Jobless claims continue to rise

(NBC) – A new national employment report paints a grim picture and confirms economists’ worst fears: record-breaking layoffs and business slowdowns have put the U.S. economy in a coronavirus recession.

Nearly 3.2 million people applied for unemployment last week. The total number of people who have lost their job and filed claims since the pandemic began in mid-March is now a whopping 33 million. A historic, expected, still sobering and very disheartening number coming out.

The latest ADP report with new numbers showing more than 20 million private-sector jobs were lost in April, shattering the previous record when more than 800,000 jobs were wiped out following the 2008 financial crisis.

It’s the worst jobs data on record since ADP started keeping track nearly two decades ago and a bad a sign of what’s to come in Friday’s jobs report

Payroll processor ADP reports the hardest hit industries —  trade, transportation and utilities, construction and hospitality — with a total of more than 14 million furloughed.

Feeling the pressure is Frank Fassero-Reiss the owner of Rothschild’s Restaurant, a family business that’s been feeding Newport Beach residents since 1977.  He’s using money from a PPP loan to pay his rent, and five cooks to fill takeout orders but was also forced to lay off 20 employees.

Fassero-Reiss said, “It’s horrible, you know. People that we’ve had working here for 30 years and we have to look them in the eye and tell them that, you know, that this is not gonna be sustainable. And, uh, it’s, it’s tear-jerking honestly. It’s very frustrating.”

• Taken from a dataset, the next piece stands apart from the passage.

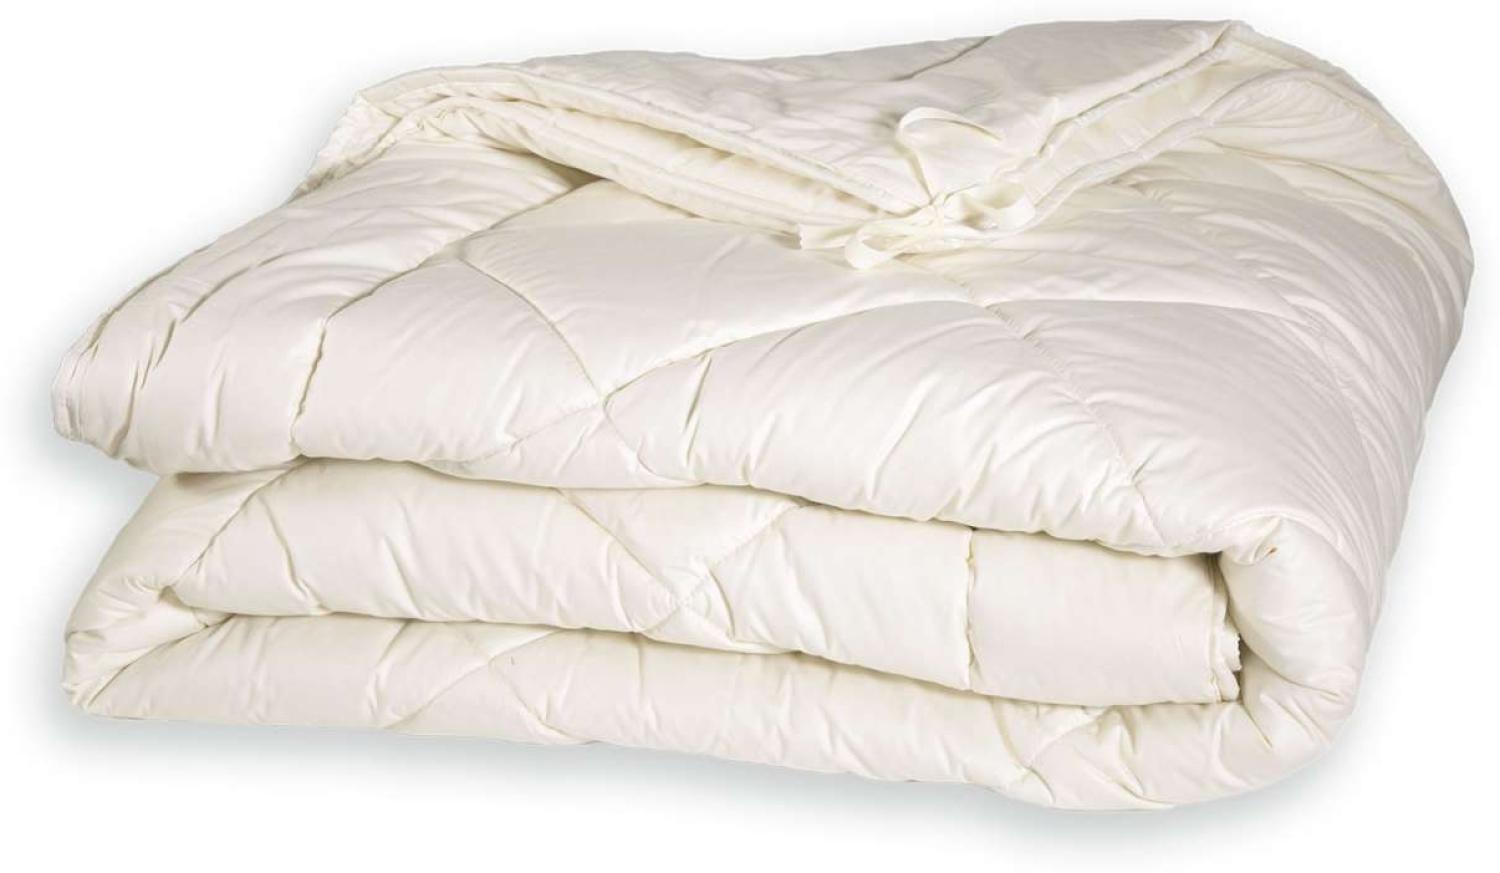 PureNature Vierjahreszeiten Bettdecke Schafschurwolle mit Knüpfbändern Vierjahreszeiten-Decke Schurwolle, 200x220 cm Bild 1

Out-of-work restaurant employees and construction workers are living examples of the real-world impact those jobless numbers have.

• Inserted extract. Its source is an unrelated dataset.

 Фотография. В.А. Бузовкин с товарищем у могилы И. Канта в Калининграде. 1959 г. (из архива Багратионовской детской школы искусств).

Emilio Muracchioli is a third-generation painter living in New Jersey with his wife and three kids with one more on the way.  He’s now getting unemployment but he still hasn’t been able to get all the benefits he’s entitled to. He said, “I can’t get through to the Department of Labor to even let me know what happened.”

With over 30 million newly jobless Americans already filing for unemployment, the addition of millions more applying for aid is expected to exacerbate problems and create even more delays for people already pushed to their limits.

Some unemployment systems buckling under the pressure. Websites are crashing, hours-long wait times, and funds lost in the mail adding to the growing frustration.

Hope, and money, are seemingly running out for people who desperately need both.

The stream of bad economic news is likely to continue tomorrow when the Labor Department puts out its April jobs report. We are expecting to see an unemployment rate of at least 15% which would be the worst since the great depression.